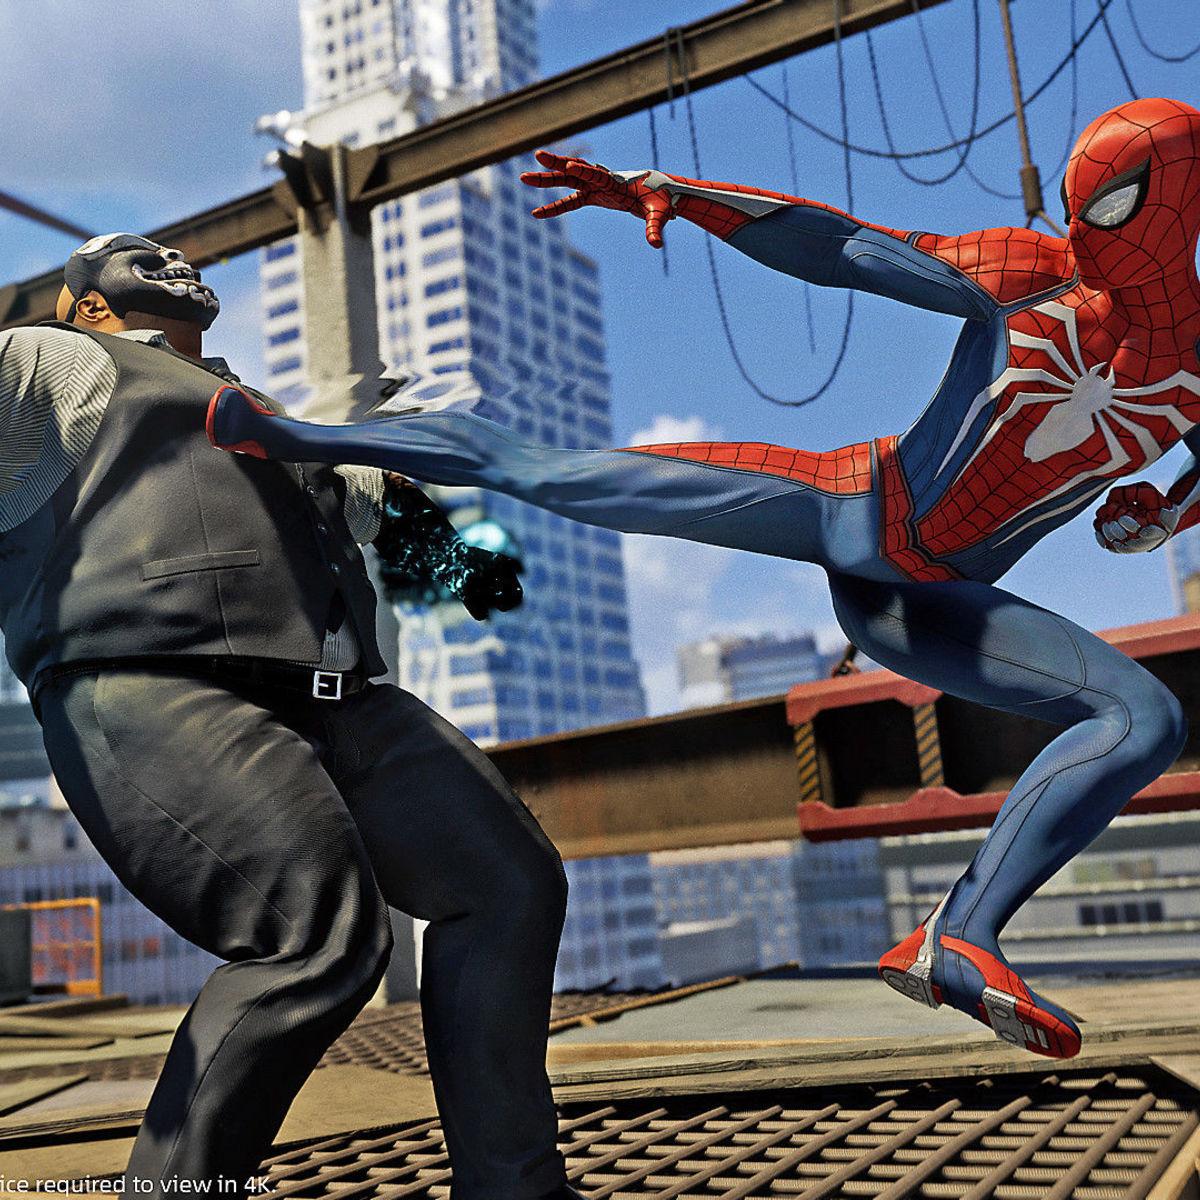 Spider-Man - Kick
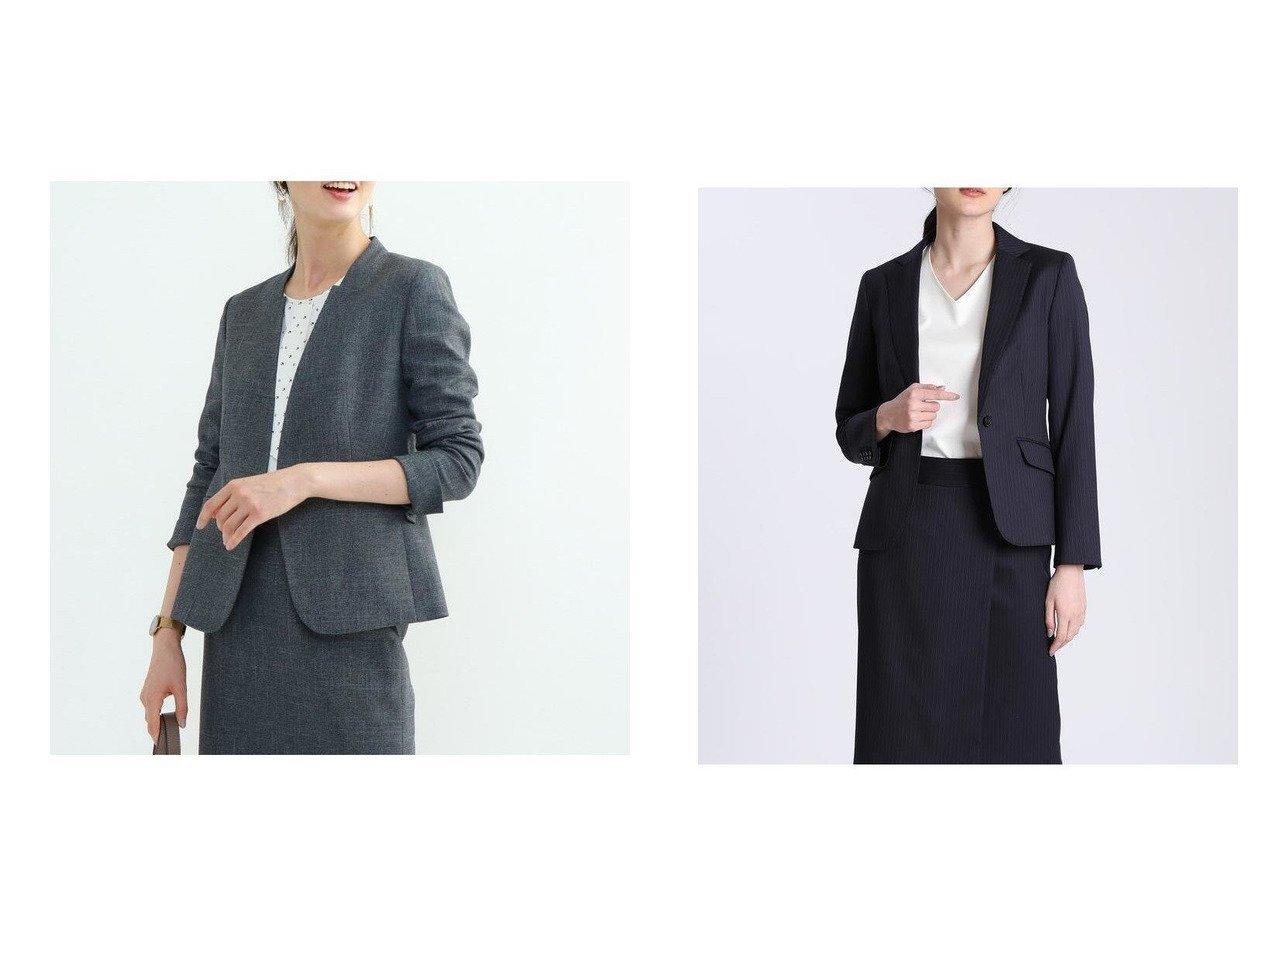 【INED/イネド】のピンストライプテーラードジャケット&【INDIVI/インディヴィ】の【マシンウォッシュ/吸水速乾】ツムギートツイルノーカラージャケット アウターのおすすめ!人気、レディースファッションの通販 おすすめで人気のファッション通販商品 インテリア・家具・キッズファッション・メンズファッション・レディースファッション・服の通販 founy(ファニー) https://founy.com/ ファッション Fashion レディース WOMEN アウター Coat Outerwear ジャケット Jackets ノーカラージャケット No Collar Leather Jackets スーツ Suits スーツ ジャケット Jacket テーラードジャケット Tailored Jackets 吸水 ジャケット ストレッチ スマホ スリット スーツ セットアップ フォーマル ポケット ストライプ ベーシック マニッシュ |ID:crp329100000001255
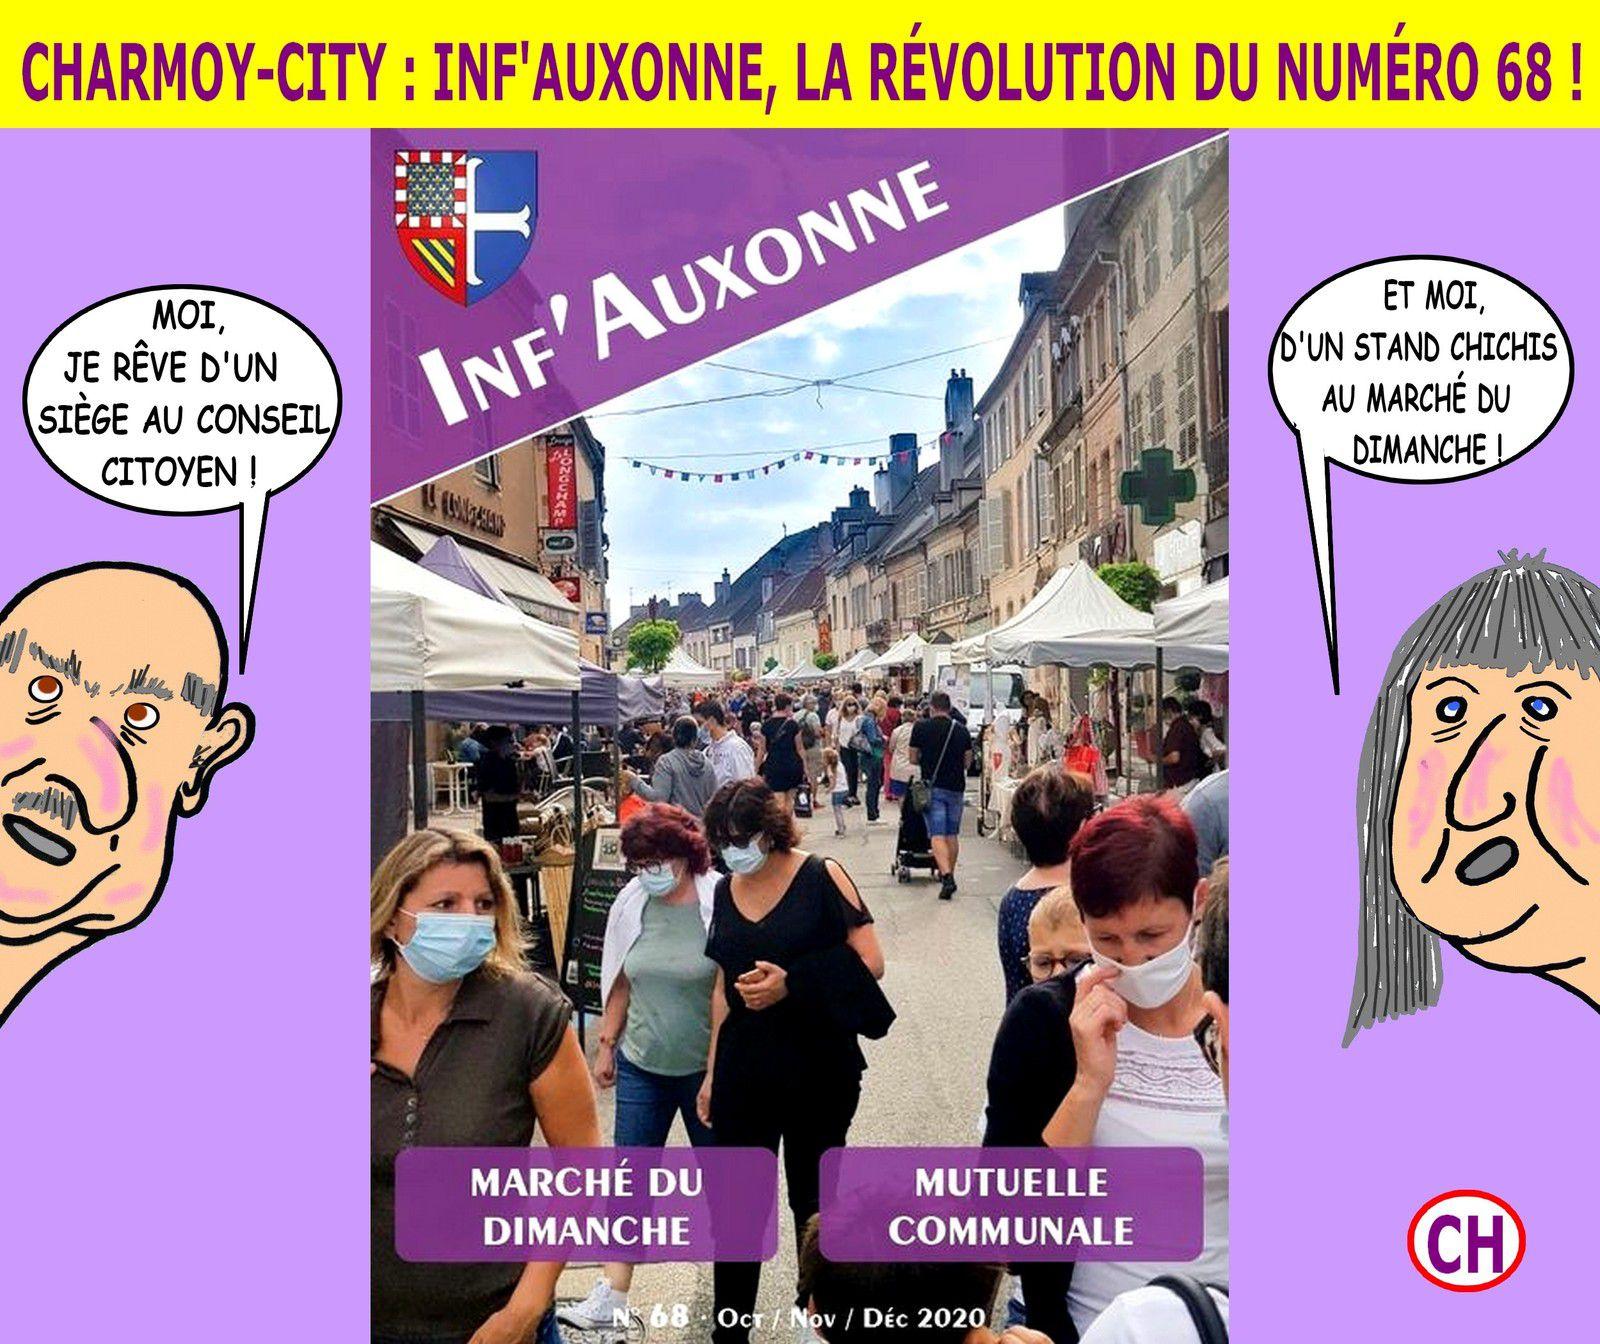 CHARMOY-CITY : INF'AUXONNE, LA RÉVOLUTION DU 68 ! - du 20 octobre 2020 (J+4325 après le vote négatif fondateur)

= = = = = = =

Work required
Everything in the listing except the pictures must be reproduced exactly.

Solution for this exercise
 Spider-Man - Kick
 【INED/イネド】のピンストライプテーラードジャケット&【INDIVI/インディヴィ】の【マシンウォッシュ/吸水速乾】ツムギートツイルノーカラージャケット アウターのおすすめ!人気、レディースファッションの通販 おすすめで人気のファッション通販商品 インテリア・家具・キッズファッション・メンズファッション・レディースファッション・服の通販 founy(ファニー) https://founy.com/ ファッション Fashion レディース WOMEN アウター Coat Outerwear ジャケット Jackets ノーカラージャケット No Collar Leather Jackets スーツ Suits スーツ ジャケット Jacket テーラードジャケット Tailored Jackets 吸水 ジャケット ストレッチ スマホ スリット スーツ セットアップ フォーマル ポケット ストライプ ベーシック マニッシュ |ID:crp329100000001255
 CHARMOY-CITY : INF'AUXONNE, LA RÉVOLUTION DU 68 ! - du 20 octobre 2020 (J+4325 après le vote négatif fondateur)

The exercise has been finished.